Around the end of October, the Nature paper for AlphaStar was released. The Nature version has more significant restrictions on APM and camera movement, is able to play as all three races instead of just Protoss, can play the same maps that humans play on the competitive ladder, and reached Grandmaster level. However, it hasn’t done the “go 50-0 against pros” that AlphaZero did. It won some games against pros, but lost games as well. The rough consensus I’ve seen is that AlphaStar still has clear gaps in game knowledge, but is able to win anyways through very good mechanics.

I haven’t read the Nature paper yet, and I’m not going to do a detailed post like I did last time, since I’ve been a bit busy. This is just to follow-up on the predictions I made. I believe that if you make a public prediction, it’s very important to revisit it, whether you were right or wrong.

I made two sets of predictions. The first set came from February 2019, shortly after the TLO and MaNa showmatches.

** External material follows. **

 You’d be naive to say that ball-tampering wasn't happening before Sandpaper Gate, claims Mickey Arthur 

If no restrictions are added besides no global camera, I think within a year AlphaStar will be able to beat any pro, in any matchup, on any set of maps in a best-of-five series.

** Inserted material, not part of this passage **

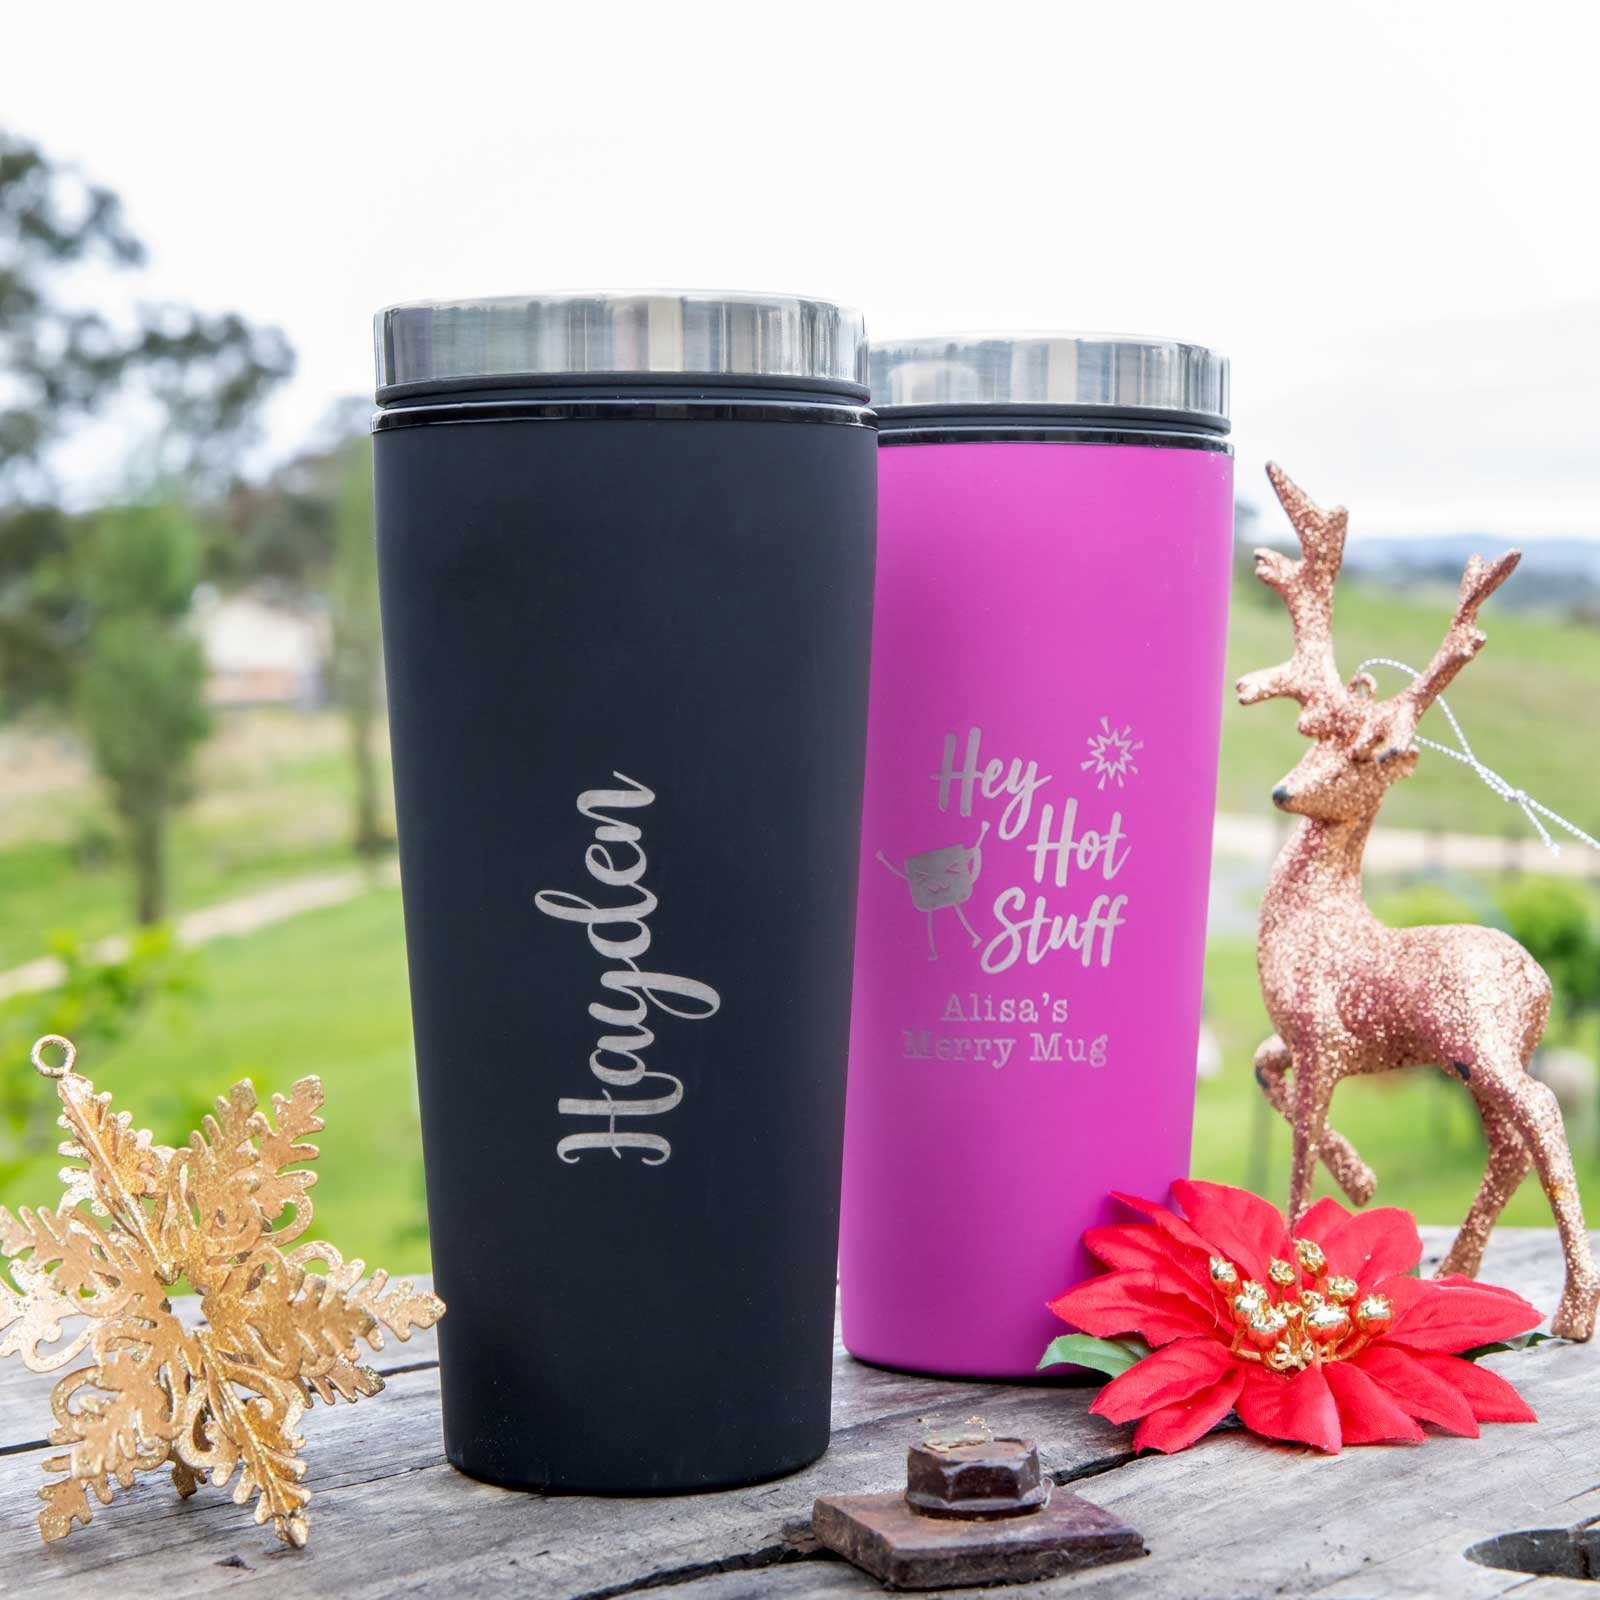 Travel Essential Hands-free Luggage Cup Holder. Carry Two Cups, Bottles.  Functional and Practical Gift for Friends, Families and Yourself.

If [APM restrictions] are added, it’s less likely AlphaStar will be that good in a year, but it’s still at least over 50%.

Since restrictions were added, the first prediction isn’t relevant anymore. As for the second prediction, there are still a few months before Feburary 2020, but I’m a bit less confident. Maybe before I was 55% and now I’m more like 45%, and this is assuming DeepMind keeps pushing on AlphaStar. I’ve honestly lost track of whether that’s happening or not.

In July 2019, I made this comment:

In AI for Games news, Blizzard announced that AlphaStar will be playing on the live SC2 competitive ladder, to evaluate agent performance in blind trials. AlphaStar can now play as all three races, has more restrictive APM limits than their previous version, and has been trained to only observe information from units within the current camera view. Should be fun - I expect it to beat everyone in blind games by this point.

This prediction was rather decidedly wrong. AlphaStar was very strong, but was not stomping every opponent it played against. Here, my mistake was overcorrecting for announcement bias. Historically, DeepMind only announces something publicly when they’re very confident in its result. So, when they disclosed that AlphaStar would be playing games on the EU ladder, I assumed that meant it was a done deal. I’m now thinking that the disclosure was partly driven by legal reasons, and that although they were confident it was worth doing human evaluation, that didn’t necessarily mean they were confident it would beat all pro players. It only meant it was worth testing if it could.

Two concluding remarks. First, I personally found it interesting that I had no trouble believing AlphaStar was going to be ridiculously superhuman just 6 months after the original showmatch. For what it’s worth, I still think that was reasonable to believe, which is a bit strange given how short 6 months is.

Second, we got spoiled by Chess, Go, and other turn-based perfect information games. In those games, superhuman game AIs always ended up teaching us some new strategy or new way to view the game, and that was because the only way they could be superhuman was by figuring out better moves than humans could. Starcraft is different. It’s part finding the right move, and part executing it, and that opens up new strategies in the search space. The fact that AlphaStar can win with subhuman moves executed well is less a problem with AlphaStar, and more a problem with the strategy space of APM-based games. If it’s an available and viable option, it shouldn’t be surprising that AlphaStar ends up picking a strategy that works. It’s disappointing if you expected something different, but most things are disappointing when they don’t match your expectations. So it goes.